# Verizon Fios OnDemand audio is crap!!



## Crappyguy

Last week my wife and I sat down to watch Sicario on Fios OnDemand. Pretty quickly I noticed that the audio sound pretty terrible. It sounded like there was some extremely heavy handed dynamic compression as well as this odd affect where as the dialog got quieter there was a 'wooshing" sound that got louder. Later in the film gun shots and explosions confirmed that there was definitely something wrong. At this point I was pretty much unable to concentrate on the movie so after investigating and trying the iTunes version the audio proved to be a night and day difference between the two. While OnDemand sounded awful the iTunes version sounded great and I was getting full 5.1 to my preamp.

Now before you jump to conclusions I checked the menu and confirmed "dynamic compression" was off on the STB. Live broadcasts all sound fine and when 5.1 is available there are no issues. Looking into other OnDemand movies (the free ones) I noticed that they were all fairly inconsistent. Starships Troopers (not sure how they weren't nominated for an Oscar) had dialog coming out of the surrounds and again generally sounded awful.

I have done some searches and contacted Verizon, but I'm not getting many answers. Has anyone seen this issue or aware of it?


----------



## username234

*Agree*

You are not insane. I have the same problem. I have found no resolution. I also compared Bridge of Spys (redbox) and Brige of Spys (ondemand). The video was fine.. the audio was ****. Exact same phenomenon, ambient noise growing louder and louder between dialog.. before being cut back down to normal levels when there is a speaking role or similar noise. Very annoying.


----------



## Crappyguy

username234 said:


> You are not insane. I have the same problem. I have found no resolution. I also compared Bridge of Spys (redbox) and Brige of Spys (ondemand). The video was fine.. the audio was ****. Exact same phenomenon, ambient noise growing louder and louder between dialog.. before being cut back down to normal levels when there is a speaking role or similar noise. Very annoying.

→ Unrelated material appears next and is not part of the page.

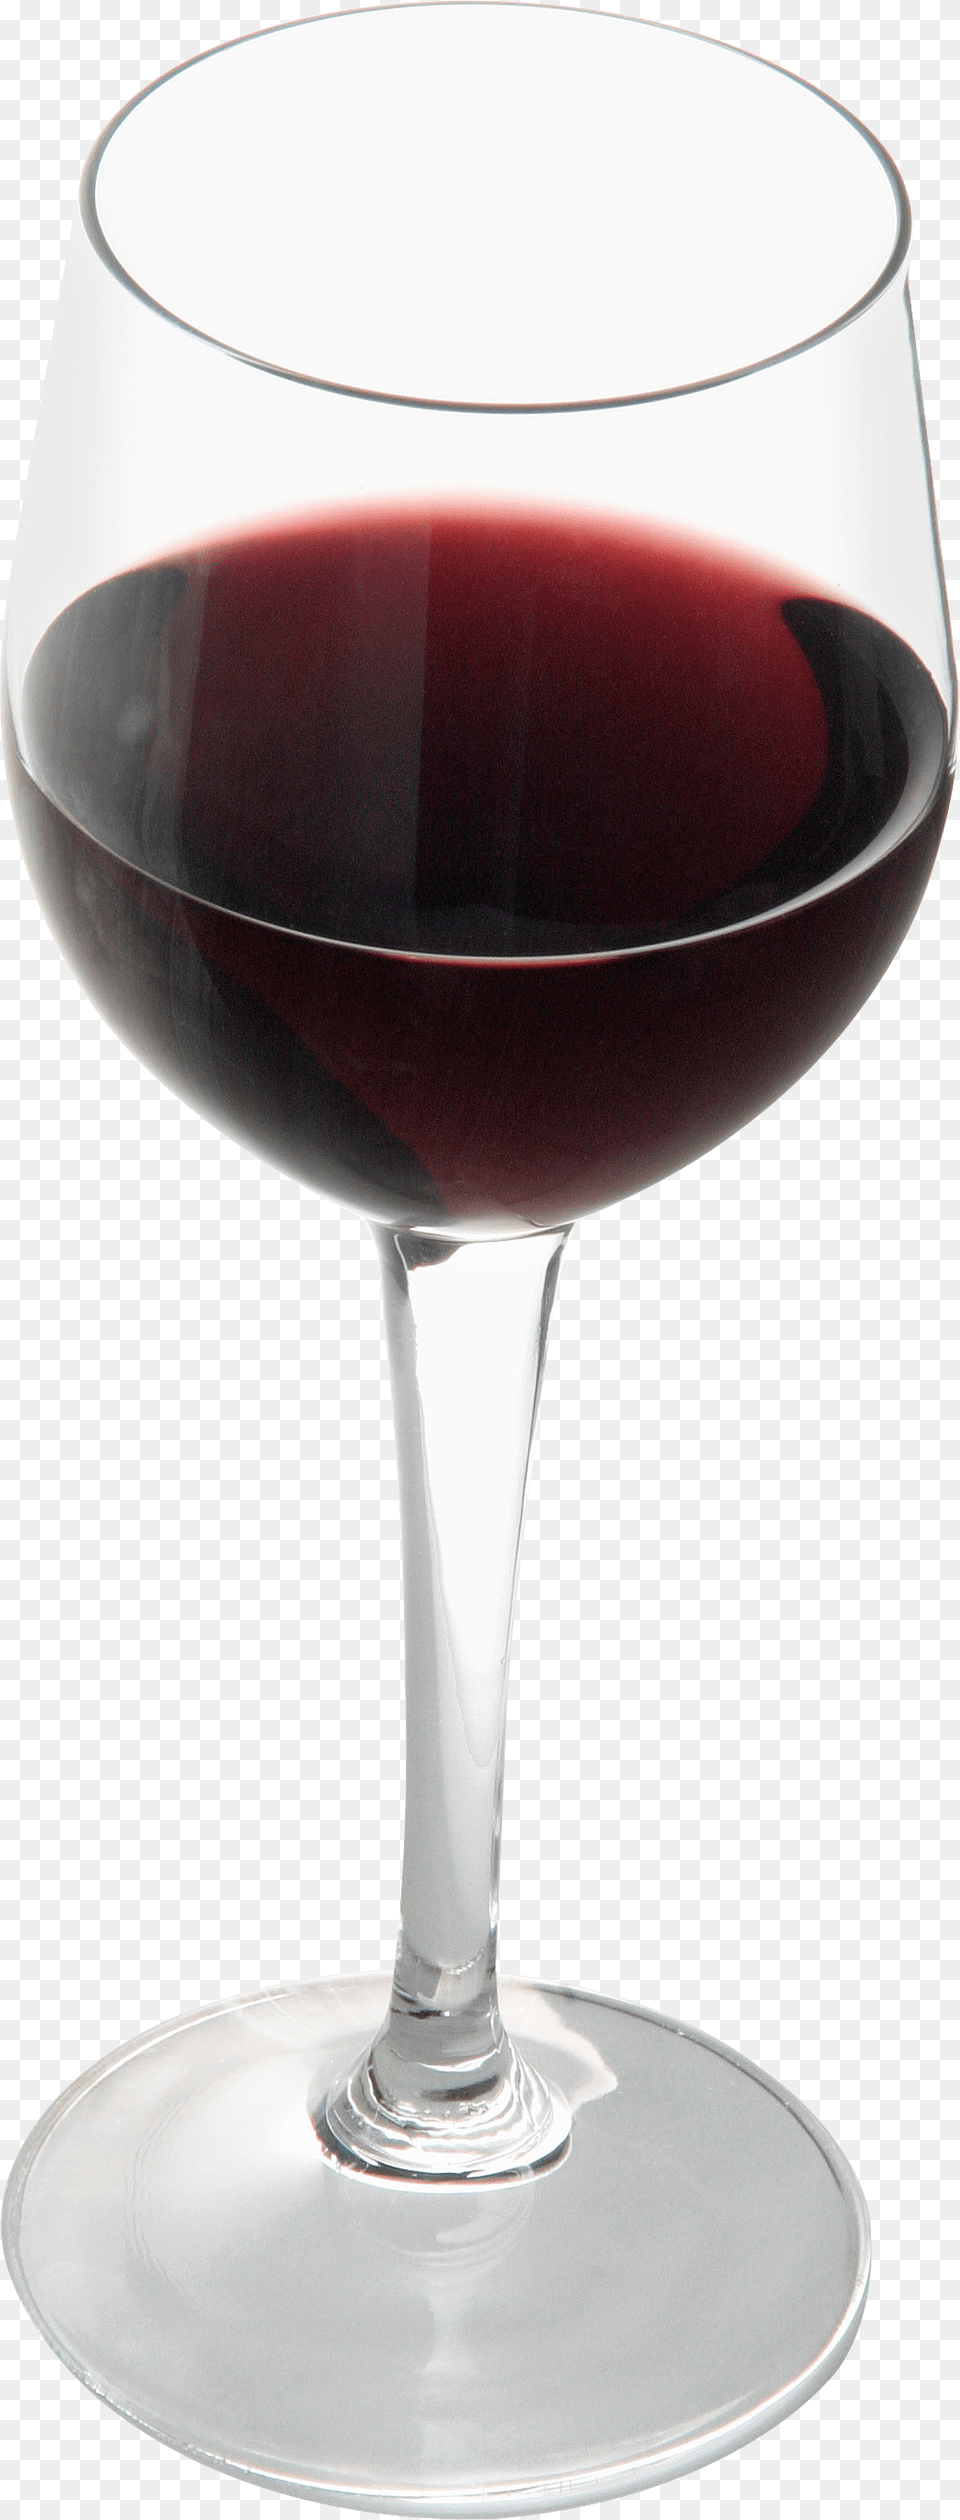 Glass Clipart File Klipart Bokal Vina, Alcohol, Beverage, Liquor, Red Wine Free Transparent Png

Thank you for the feedback. Much appreciated. Contacting Verizon they seem to have no clue what I'm talking about. You actually summed up the issue better than I did.

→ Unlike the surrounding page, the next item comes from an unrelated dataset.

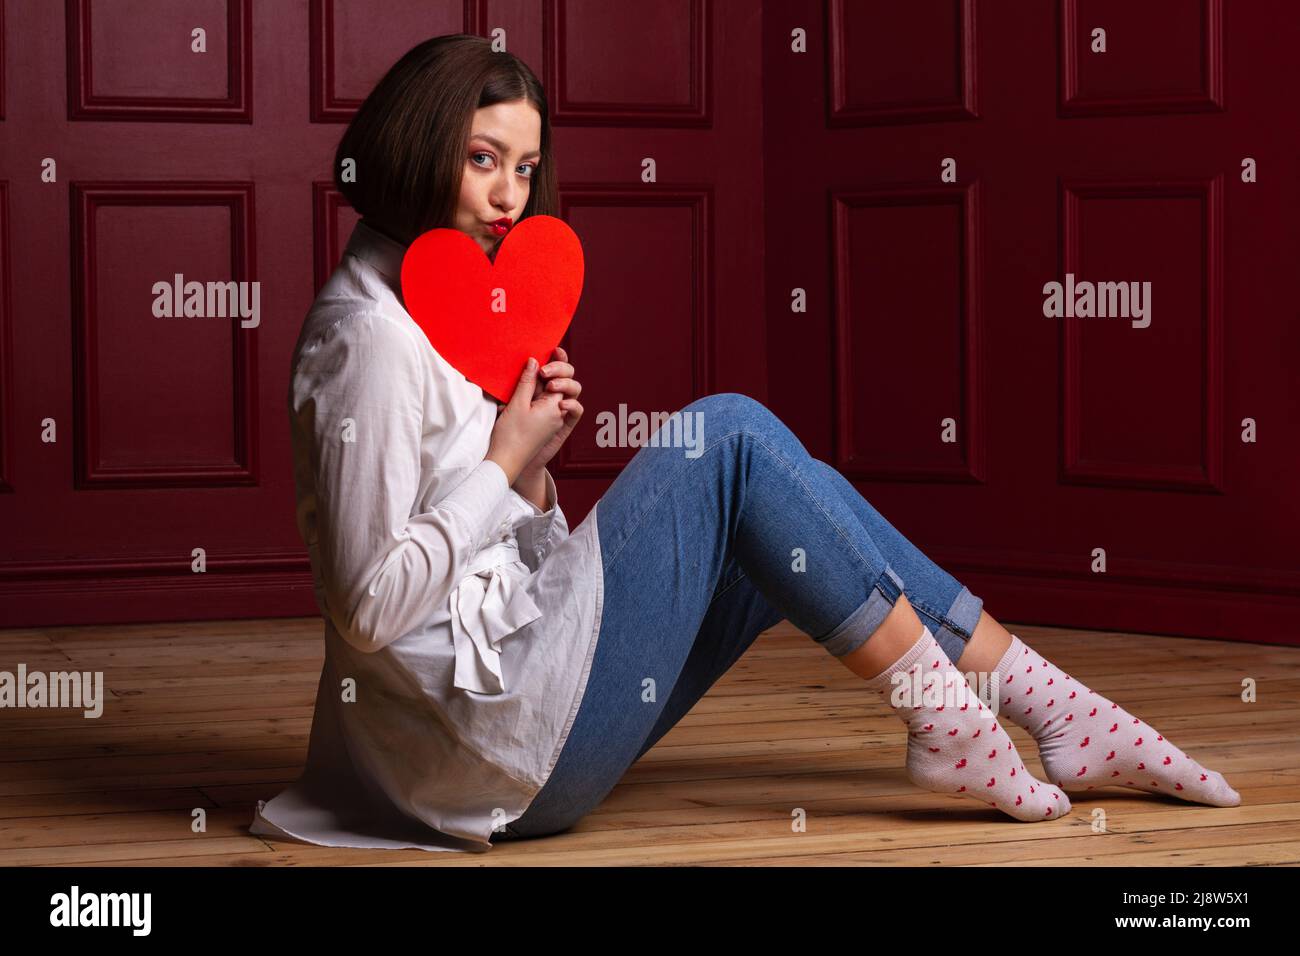 Femme à poil court avec des lèvres formant un baiser assis à côté de l'appareil photo sur un sol en bois et un fond rouge tenant la forme du cœur rouge devant son menton Banque D'Images

"ambient noise growing louder and louder between dialog.. before being cut back down to normal levels when there is a speaking role or similar noise."

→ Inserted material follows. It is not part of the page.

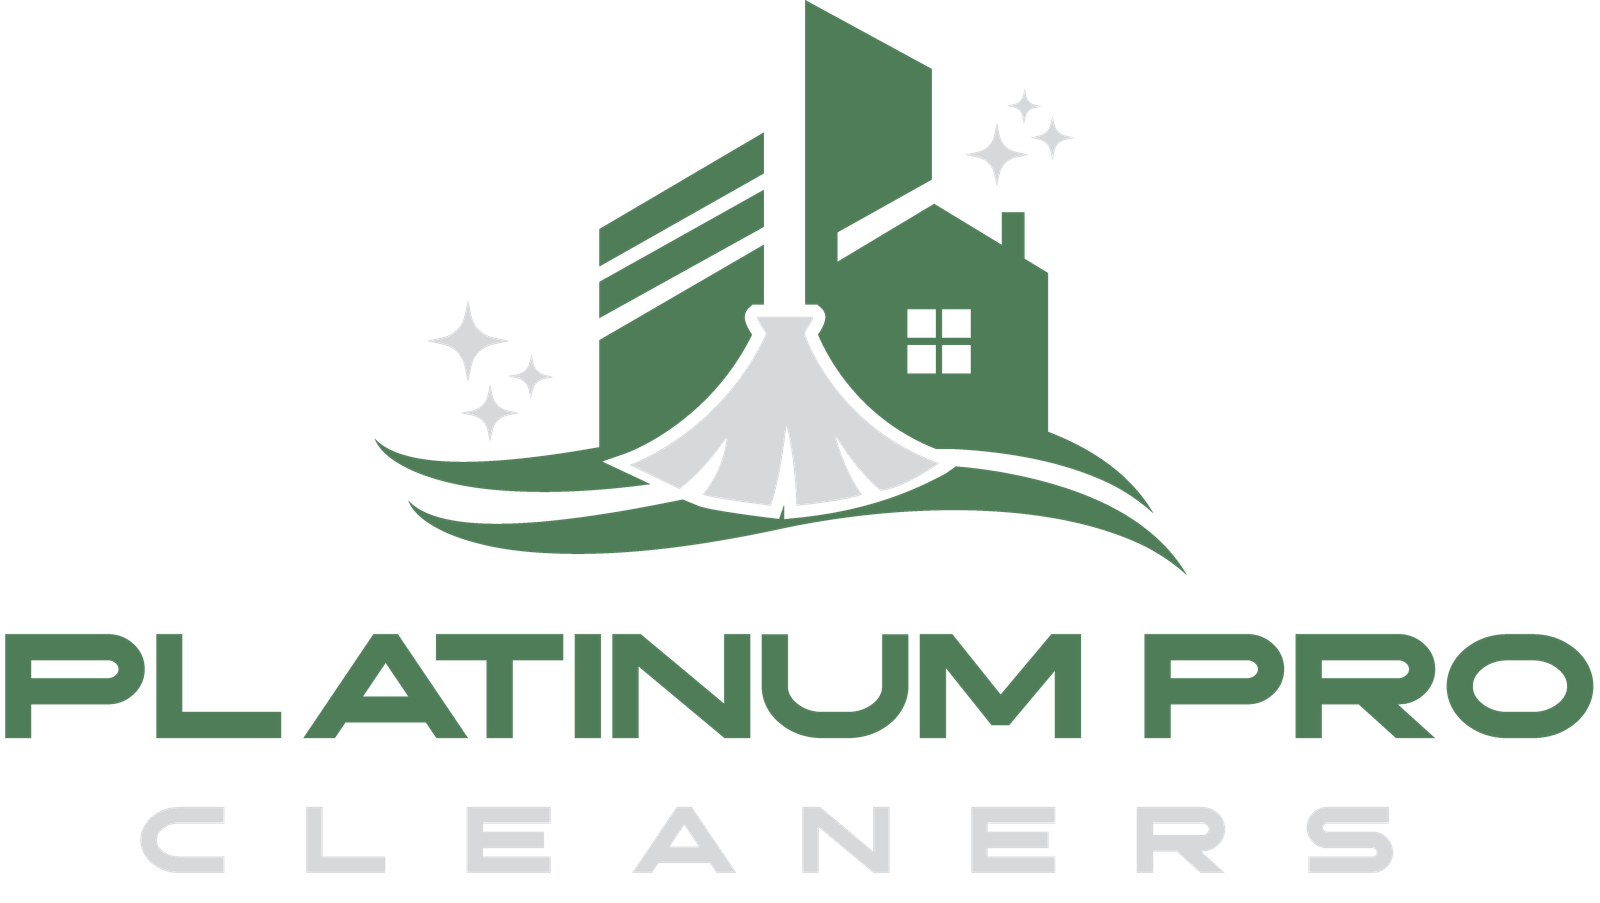 platinum pro cleaners logo

I guess I will have to find my OnDemand movies elsewhere.


----------



## WildWolf

I am having the same issue but ONLY with movies that I purchase/ rent on fios on demand. It is VERY annoying. Everyone thinks I am nuts but it really bothers me. Does anyone have a solution? I contacted fios and the reset my router which did not fix anything.


----------



## jackienopay

WildWolf said:


> I am having the same issue but ONLY with movies that I purchase/ rent on fios on demand. It is VERY annoying. Everyone thinks I am nuts but it really bothers me. Does anyone have a solution? I contacted fios and the reset my router which did not fix anything.


Same issue here for on Demand movies both rented and purchased. The audio is terrible and anything going on in the surround channels, including left and right front, is immediately muted when there is audio from the center channel speaker. I called an complained and had a new box sent, had a tech from verizon come and agree with me that it is terrible, and tried many settings. 

It is impossible to rent or purchase movies if you have a surround sound system with verizon fios.


----------



## WildWolf

jackienopay said:


> Same issue here for on Demand movies both rented and purchased. The audio is terrible and anything going on in the surround channels, including left and right front, is immediately muted when there is audio from the center channel speaker. I called an complained and had a new box sent, had a tech from verizon come and agree with me that it is terrible, and tried many settings.
> 
> It is impossible to rent or purchase movies if you have a surround sound system with verizon fios.


Hard to believe Verizon will not fix these issues....


----------



## DarthErectus

Not hard to believe VZ won't fix the issues since VZ management doesn't really care about the FiOS side of their business. The only thing they are concerned regarding quality control issues is VZ wireless. That's why you no longer see any large scale build outs of the fiber network. And any expansion into new market like Boston you hear about isn't going to be true fiber infrastructure builds. It's going to be a hybrid 4g/5g delivery to premise platform in most cases


----------



## dougotte

I chanced upon your thread here. I've been posting the same complaint in the FiOS thread in the HD Programming forum here for a while. No one else responded, so I assume most people don't notice. My wife doesn't seem to notice it, but I find it very distracting. I think the company which provides their PPV content adds the limiting/compression for some reason. It will probably not be fixed if most people don't even notice it.


----------



## dougotte

They recycled Drag Me to Hell (2009) back to OD for Halloween. I'd never seen it all, but like Raimi's work, so we rented it. It's a very clever movie, by the way.

Anyway, it was probably an older master, and I noticed the sound was unsullied by egregious limiting. It probably didn't have the full dynamic range of an uncompressed blu-ray track, because I noticed the orchestral fortissimos were a bit limited. Overall, it sounded pretty good.

So, Verizon's content provider must have begun adding the limiting to titles in the last couple of years only, and not on an adhoc basis.


----------



## ironmikey12

I know this is an old thread, but I have had the same issue. It's like the Fios sound shifts to "tin can" mode for split second. I stream from amazon simply for this reason


----------



## FedUpWithFIOS

*The Bad Sound with Fios On Demand movies*

After 18 months of complaining (same issues everyone here has) about the bad sound with Verizon Fios On Demand movies, and 10 different techs at our home, countless phone conversations with tech experts, replacing my OMT box, my DVR box, my splitters, routers etc, FIOS FINALLY admitted that the problem is not with my wiring or equipment.
I've been telling them this for 18 months.
They now say it's a "BACK END" problem. Which means it's either the way they send the signal or the software they are using.
In any case, now that they know the problem is with them, they also said, they're not sure how to fix it.
I told them to contact Netflix or Amazon and have them show you how to transmit a signal that doesn't ruin your movies.


----------



## Irish Dad and Irish Son

When you rent movies from on demand the movies sound great for me but when you purchase a movie the audio is terrible


----------